In one or more examples, the functions described may be implemented in hardware, software, firmware, or any combination thereof. If implemented in software, the functions may be stored on a computer-readable medium in the form of one or more instructions or code and may be executed by a hardware-based processing unit. The computer readable medium may include a computer readable storage medium, which corresponds to a tangible medium, such as a data storage medium (e.g., RAM, ROM, EEPROM, flash memory, or any other medium that can be used to store desired program code in the form of instructions or data structures and that can be accessed by a computer).

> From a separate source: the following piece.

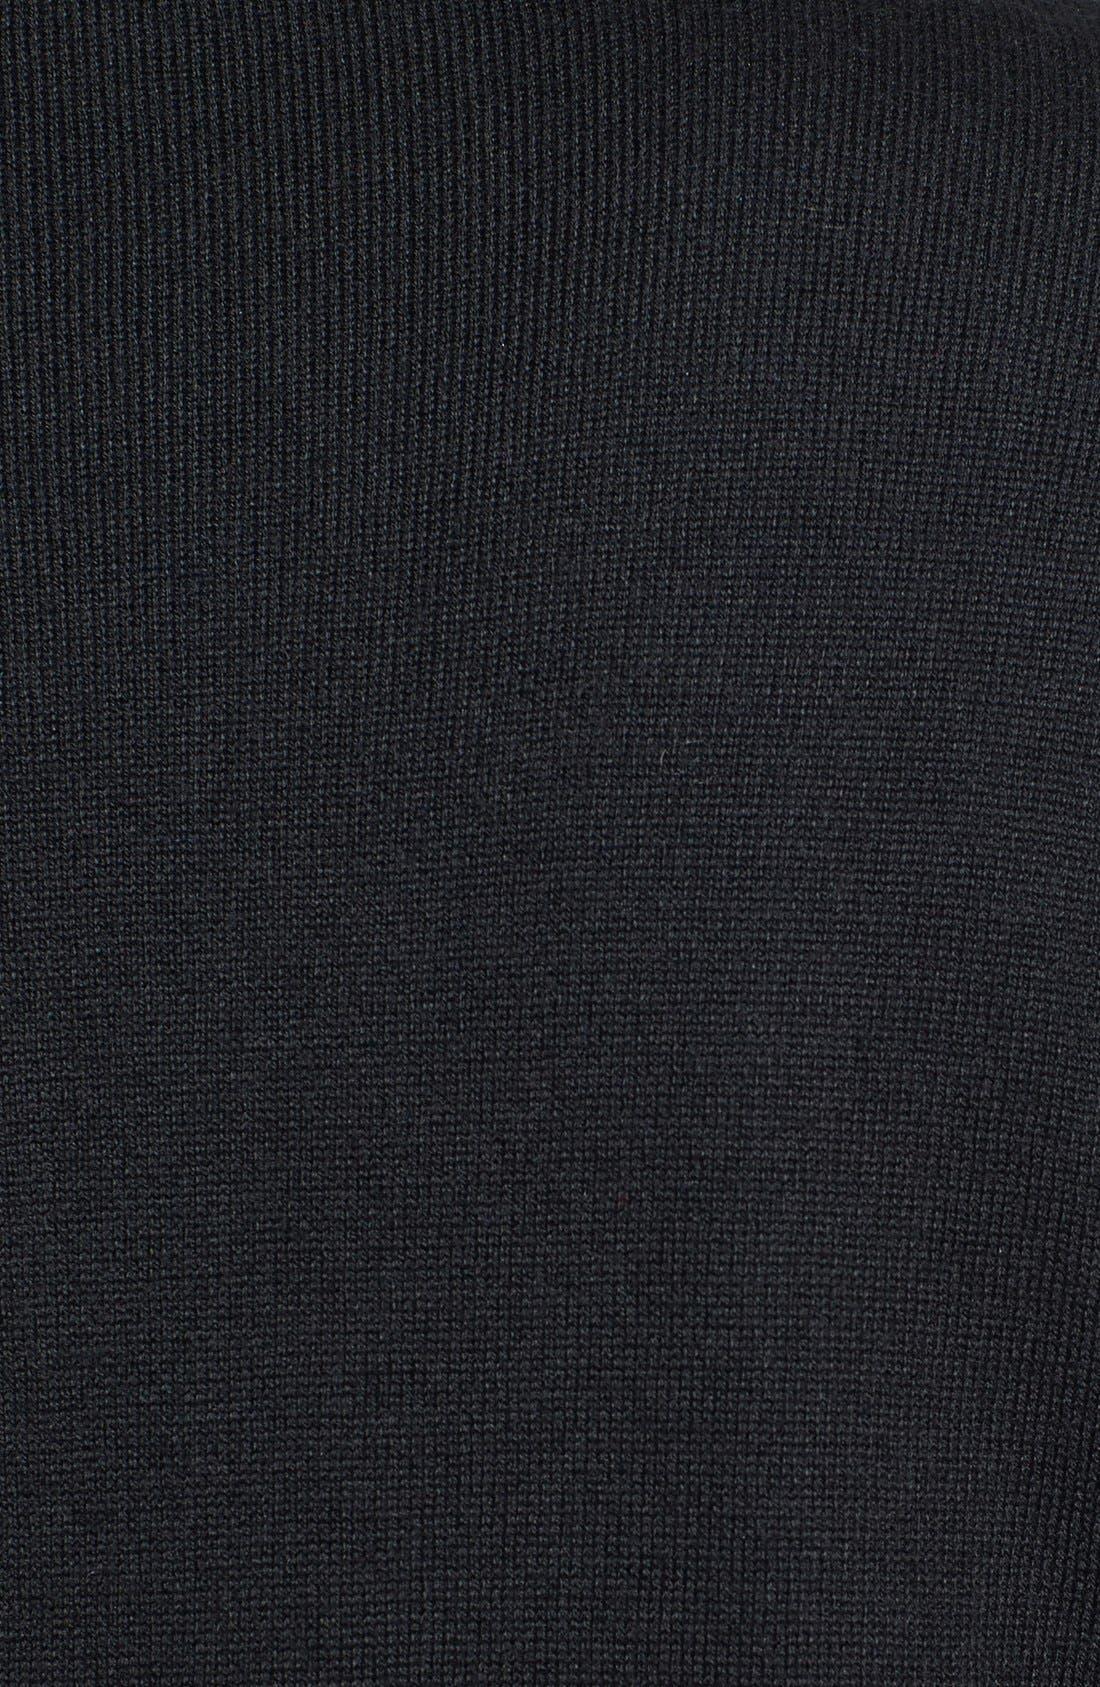 Dolman Sleeve Tunic Sweater,                             Alternate thumbnail 2, color,                             001

The instructions may be executed by one or more processors, such as one or more Digital Signal Processors (DSPs), general purpose microprocessors, Application Specific Integrated Circuits (ASICs), field programmable logic arrays (FPGAs), or other equivalent integrated or discrete logic circuitry. Thus, as used herein, the term "processor" may refer to any of the foregoing structure or any other structure suitable for implementation of the techniques described herein. Furthermore, the techniques may be fully implemented in one or more circuits or logic elements.

Accordingly, an implantable medical device system has been presented in the foregoing description with reference to specific examples. It should be understood that the various aspects disclosed herein may be combined in different combinations than the specific combinations presented in the figures. It should be appreciated that various modifications to the reference examples may be made without departing from the scope of the disclosure and the appended claims.